Did You Know: Can Query Tuning Become Unnecessary?

I wrote a commentary for the SQL Server Magazine e-newsletter last week, and was expecting a to get a bit more feedback than I did.So I'm hoping my blog readers can help out.  I was commenting on a message that one of my business partners had sent out wondering about the changes that new higher speed storage technology might bring.

Please read the whole commentary here (It's not that long.)

Basically, the comment is that new storage technology is appearing that could have I/O's per second (IOPS) rates thousand of times faster than they are now.

Most of the reasons for building good indexes and tuning our queries is to reduce the number of reads that SQL Server would have to perform. But if the reads are so fast that even with tables scans our queries are always 'fast enough', would you spend time on query and index tuning?

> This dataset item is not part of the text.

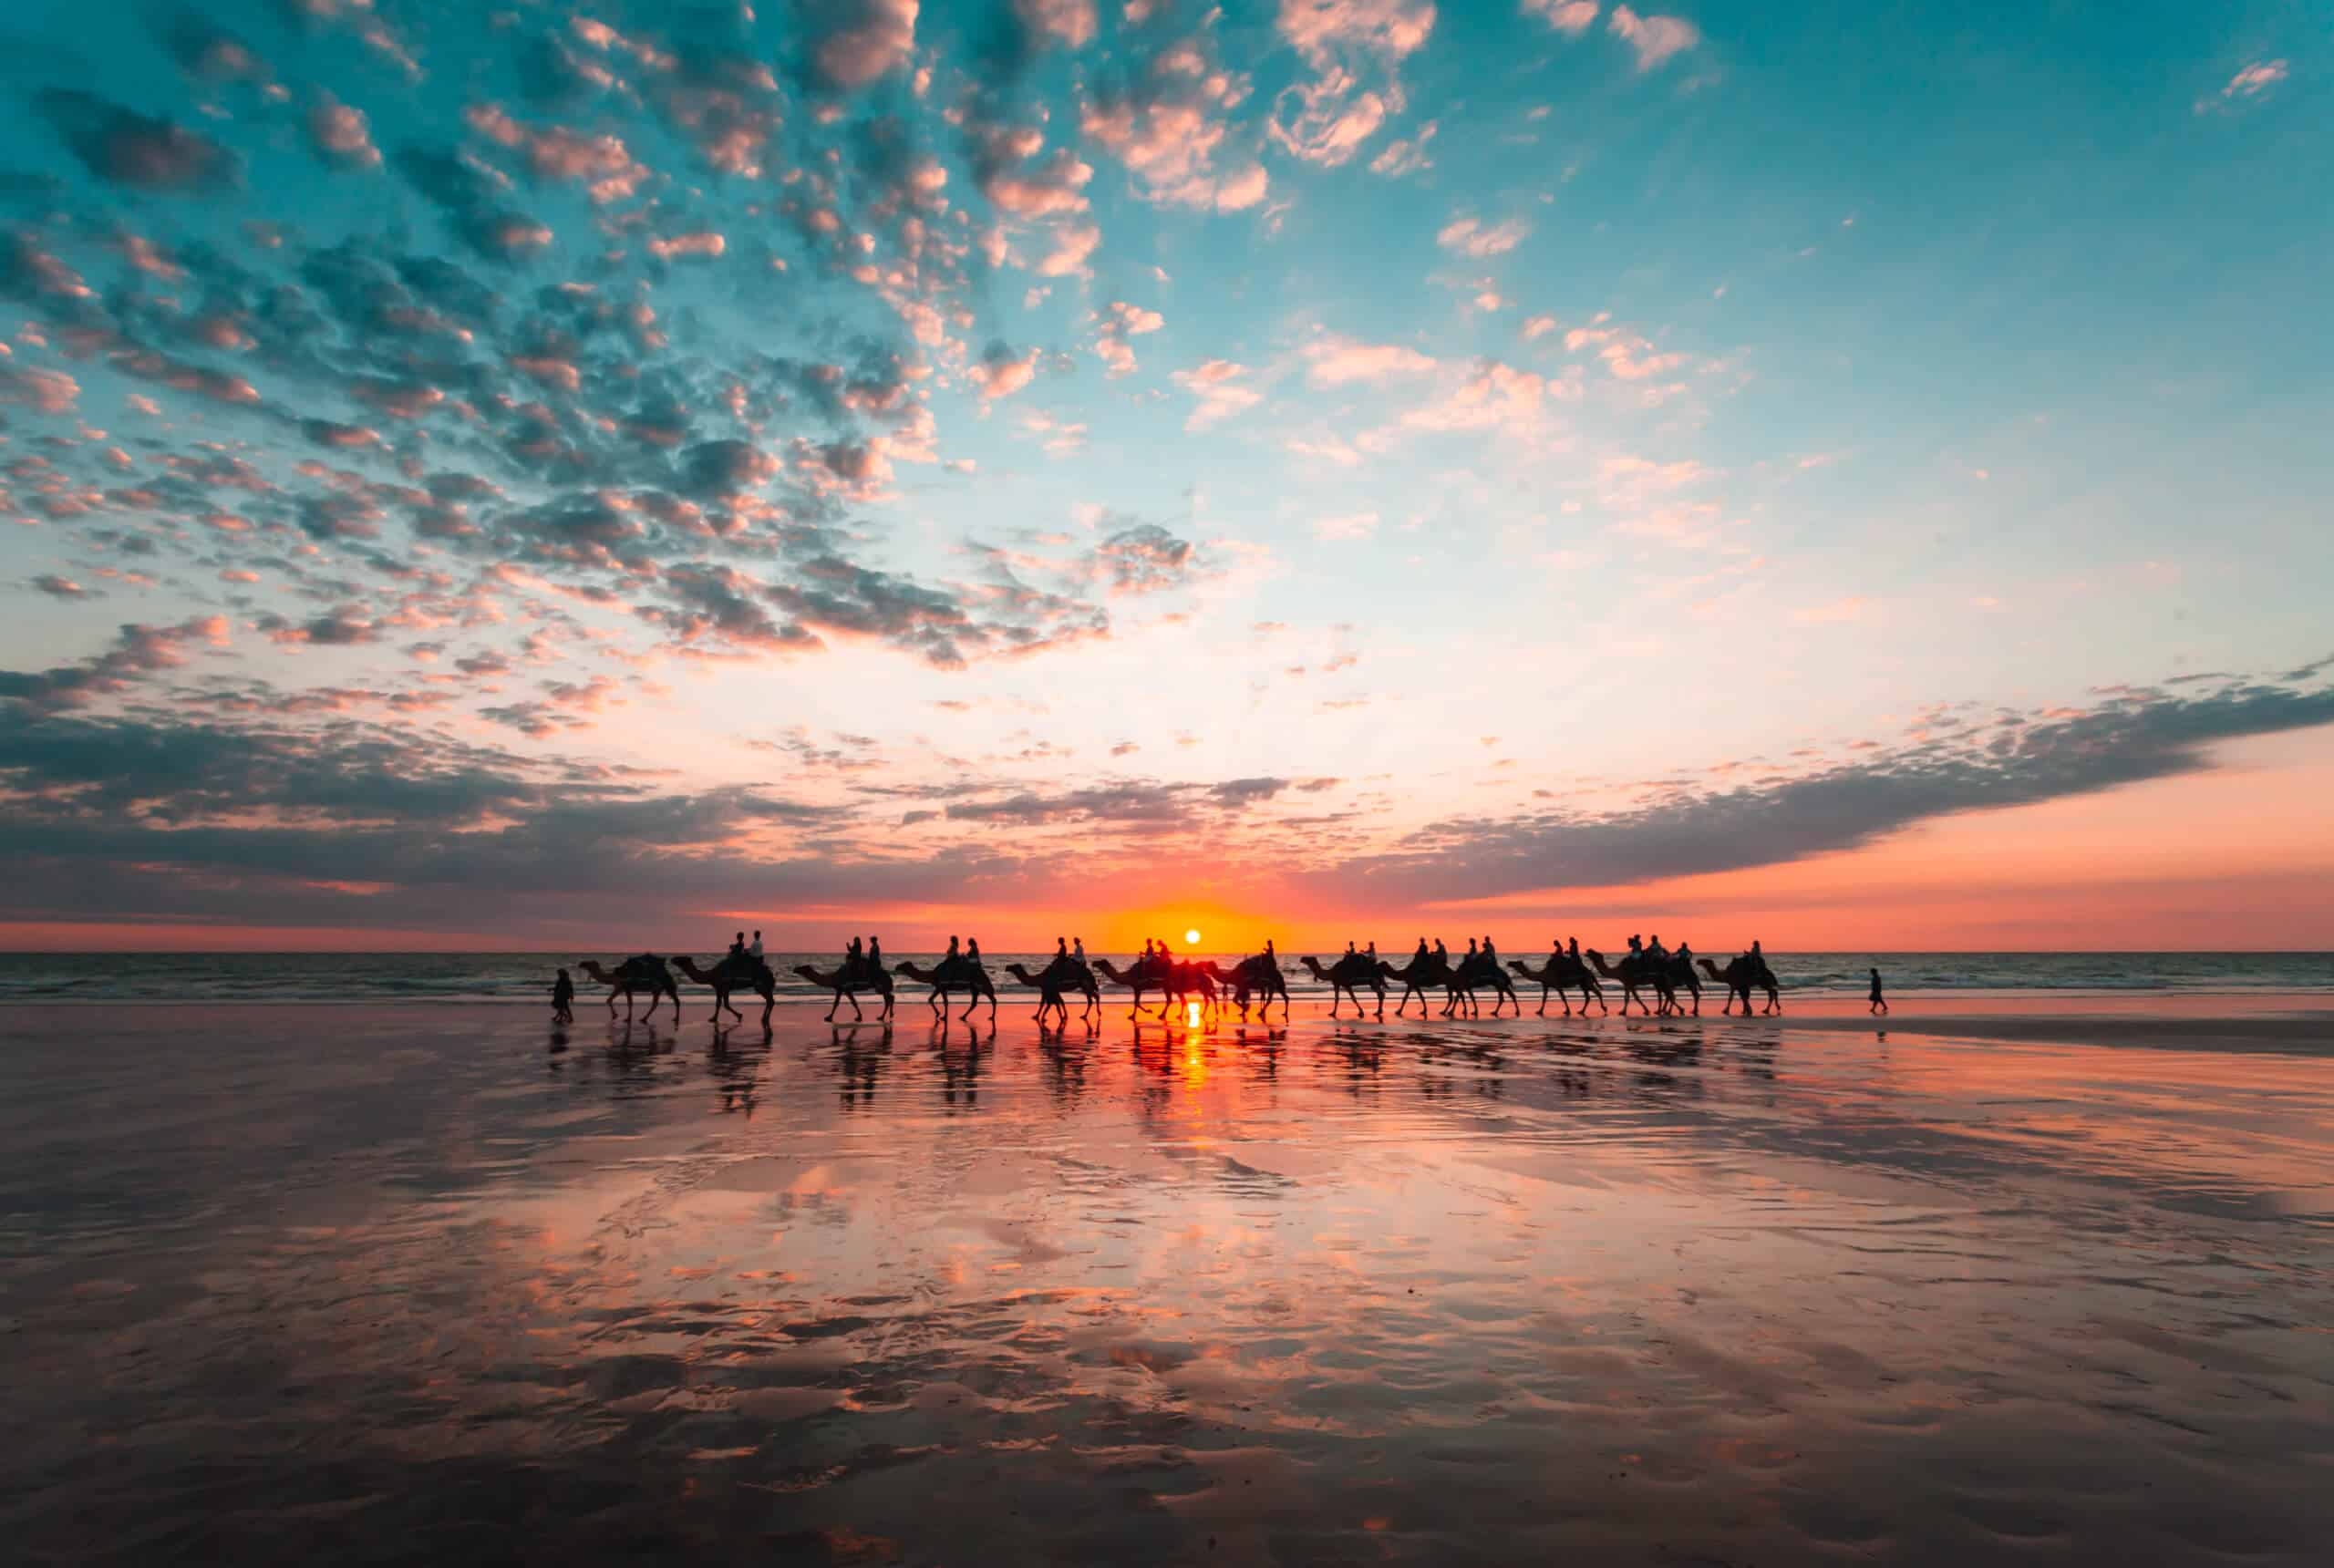 A photo of a beautiful beach in Broome, Western Australia, with the sun setting in the background and the silhouette of camels in the distance.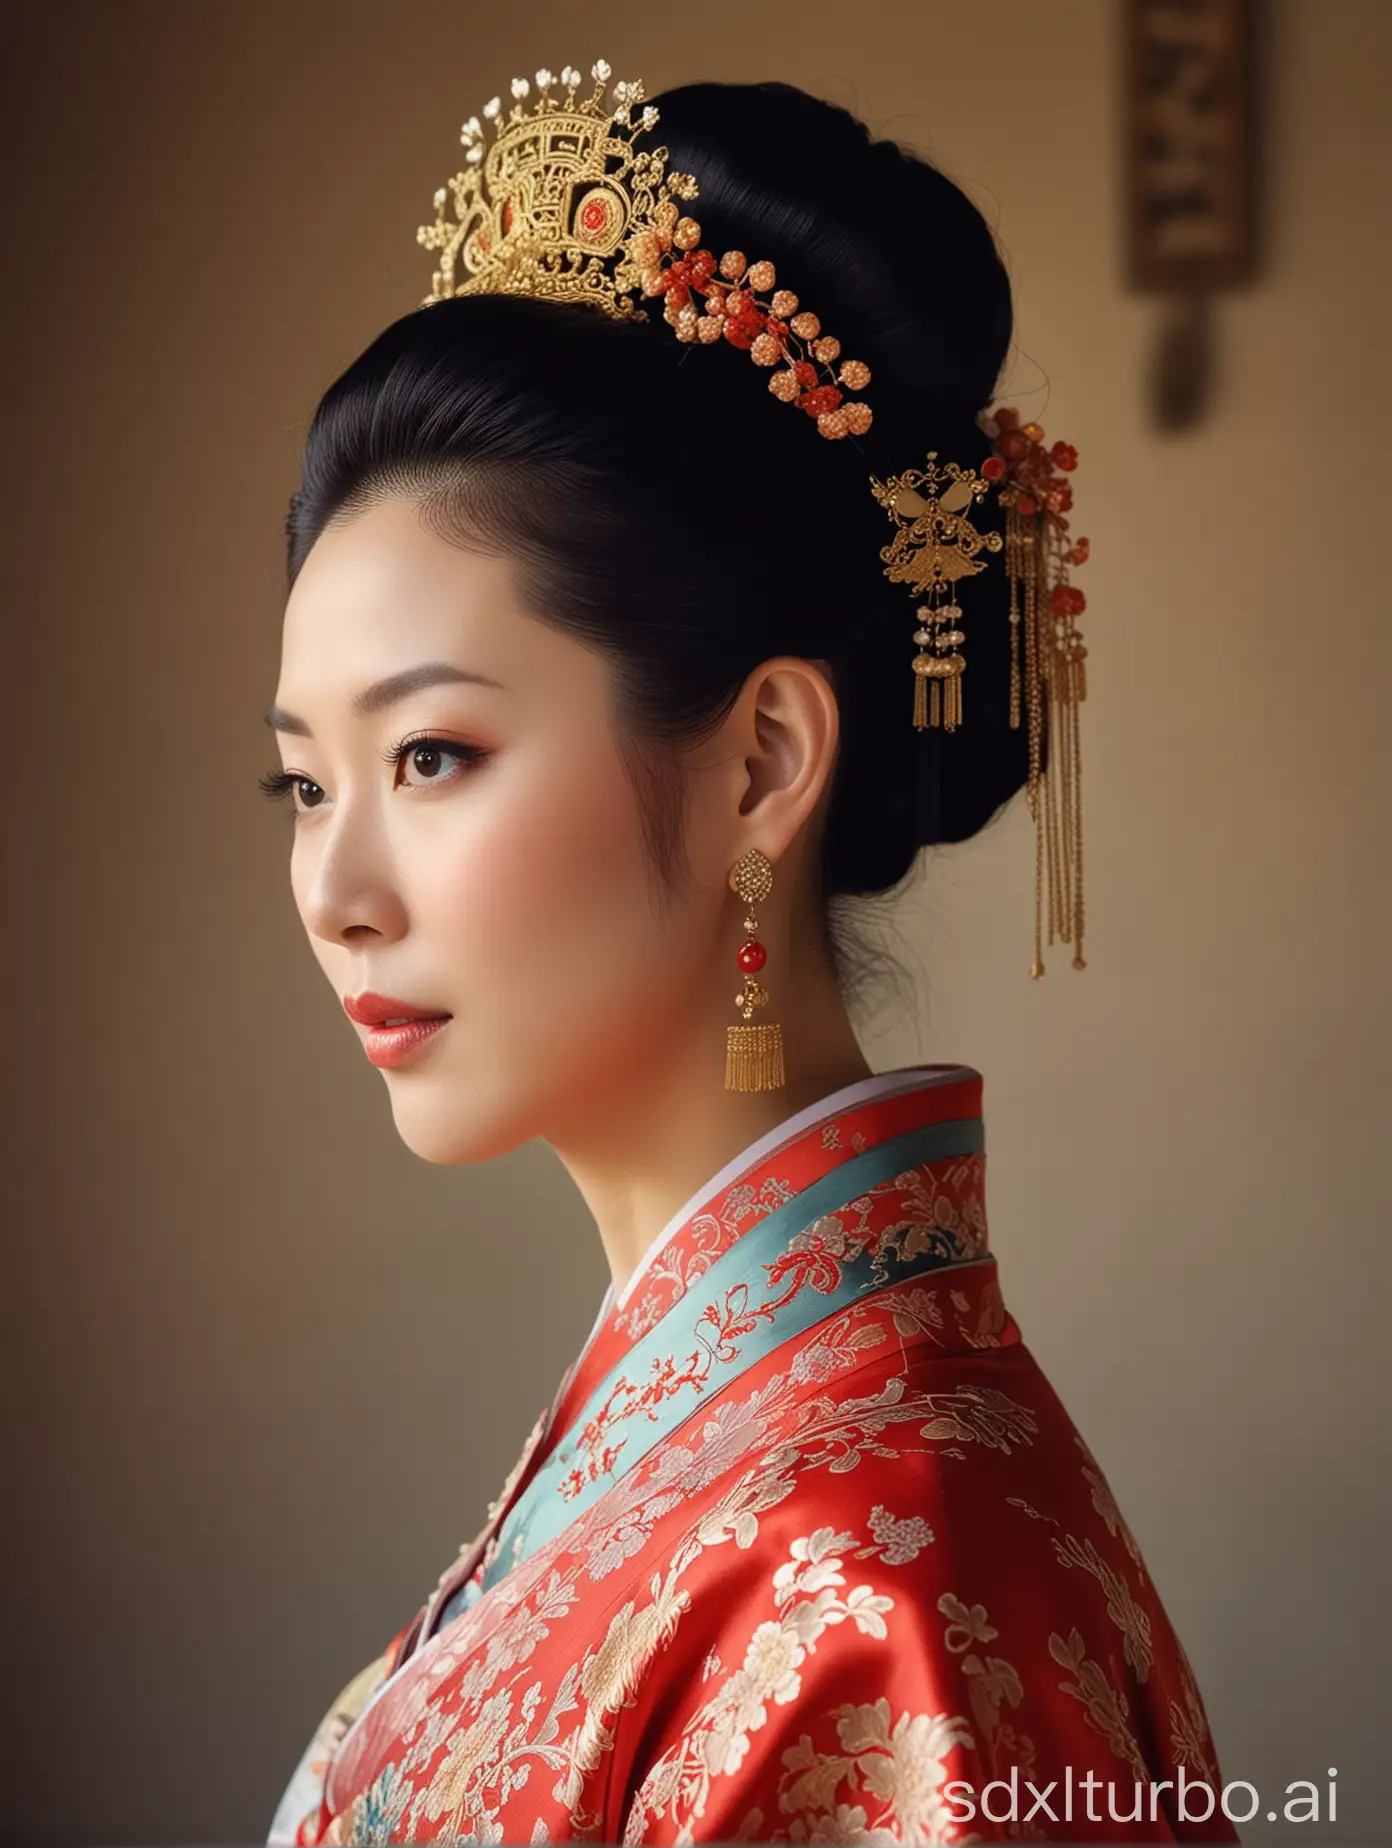 With a queenly noble temperament, a dignified countenance, clad in traditional Chinese clothing, hair piled high.

At this point, my question is NOT whether you think there will be available and affordable storage systems that can perform as suggested. My question is "IF there were such systems, would you still spend time tuning your queries and evaluating the best indexes?"  Also, if query tuning does become unnecessary, what would you do instead to maintain your database system's performance? Or would you be out of a job? 

I'd really like to hear what you think!


Thanks

~Kalen

Published Sunday, September 07, 2008 7:49 PM by Kalen Delaney
Filed under:

Comment Notification

If you would like to receive an email when updates are made to this post, please register here

Subscribe to this post's comments using RSS

Comments

 

Adam Machanic said:

Absolutely.  I've seen tiny queries against tables totally cached in memory that took hours to run without the appropriate indexes, and milliseconds with.  Faster I/O will certainly make things easier and certain performance problems less extreme, but it will in no way obviate the need to tune queries.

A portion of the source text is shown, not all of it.